## Exercise prompt
Give the lines again exactly as they appear, beginning at the one with "Phytosun aroms huile" and ending at the last line of the records.

## Provided material
● ● ●

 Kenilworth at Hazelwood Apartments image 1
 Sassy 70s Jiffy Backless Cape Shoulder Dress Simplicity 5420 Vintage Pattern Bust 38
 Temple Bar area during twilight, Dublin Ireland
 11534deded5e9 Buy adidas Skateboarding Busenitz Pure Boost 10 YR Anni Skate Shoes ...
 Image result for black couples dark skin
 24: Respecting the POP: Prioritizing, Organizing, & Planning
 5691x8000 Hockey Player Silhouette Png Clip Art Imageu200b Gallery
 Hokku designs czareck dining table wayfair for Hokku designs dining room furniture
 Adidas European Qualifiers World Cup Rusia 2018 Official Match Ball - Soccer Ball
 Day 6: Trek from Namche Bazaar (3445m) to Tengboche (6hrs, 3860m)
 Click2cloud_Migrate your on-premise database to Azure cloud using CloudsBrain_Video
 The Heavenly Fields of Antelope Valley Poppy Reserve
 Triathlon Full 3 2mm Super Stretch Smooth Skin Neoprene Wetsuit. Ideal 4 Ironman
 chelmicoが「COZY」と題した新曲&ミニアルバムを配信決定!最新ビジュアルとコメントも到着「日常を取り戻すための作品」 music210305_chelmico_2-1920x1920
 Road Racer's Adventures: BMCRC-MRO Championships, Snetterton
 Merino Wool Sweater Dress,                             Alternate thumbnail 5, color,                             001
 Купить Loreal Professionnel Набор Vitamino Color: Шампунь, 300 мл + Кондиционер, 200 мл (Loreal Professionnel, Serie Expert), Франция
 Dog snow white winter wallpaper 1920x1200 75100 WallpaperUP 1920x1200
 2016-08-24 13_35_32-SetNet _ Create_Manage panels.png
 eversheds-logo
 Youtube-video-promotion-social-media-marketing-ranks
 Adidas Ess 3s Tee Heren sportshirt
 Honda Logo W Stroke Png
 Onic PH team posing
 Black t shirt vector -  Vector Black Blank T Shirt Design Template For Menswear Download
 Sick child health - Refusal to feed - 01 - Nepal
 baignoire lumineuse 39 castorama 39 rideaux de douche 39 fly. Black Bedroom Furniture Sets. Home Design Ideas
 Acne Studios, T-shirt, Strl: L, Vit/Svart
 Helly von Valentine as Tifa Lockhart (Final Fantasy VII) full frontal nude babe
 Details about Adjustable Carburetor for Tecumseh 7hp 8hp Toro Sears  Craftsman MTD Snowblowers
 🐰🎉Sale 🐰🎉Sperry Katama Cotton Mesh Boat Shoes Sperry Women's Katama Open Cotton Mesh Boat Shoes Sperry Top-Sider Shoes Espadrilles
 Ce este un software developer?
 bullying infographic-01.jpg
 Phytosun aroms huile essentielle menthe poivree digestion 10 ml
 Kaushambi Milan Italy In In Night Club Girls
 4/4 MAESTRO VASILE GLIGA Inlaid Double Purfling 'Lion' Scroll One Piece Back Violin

● ● ●

## Expected answer
 Phytosun aroms huile essentielle menthe poivree digestion 10 ml
 Kaushambi Milan Italy In In Night Club Girls
 4/4 MAESTRO VASILE GLIGA Inlaid Double Purfling 'Lion' Scroll One Piece Back Violin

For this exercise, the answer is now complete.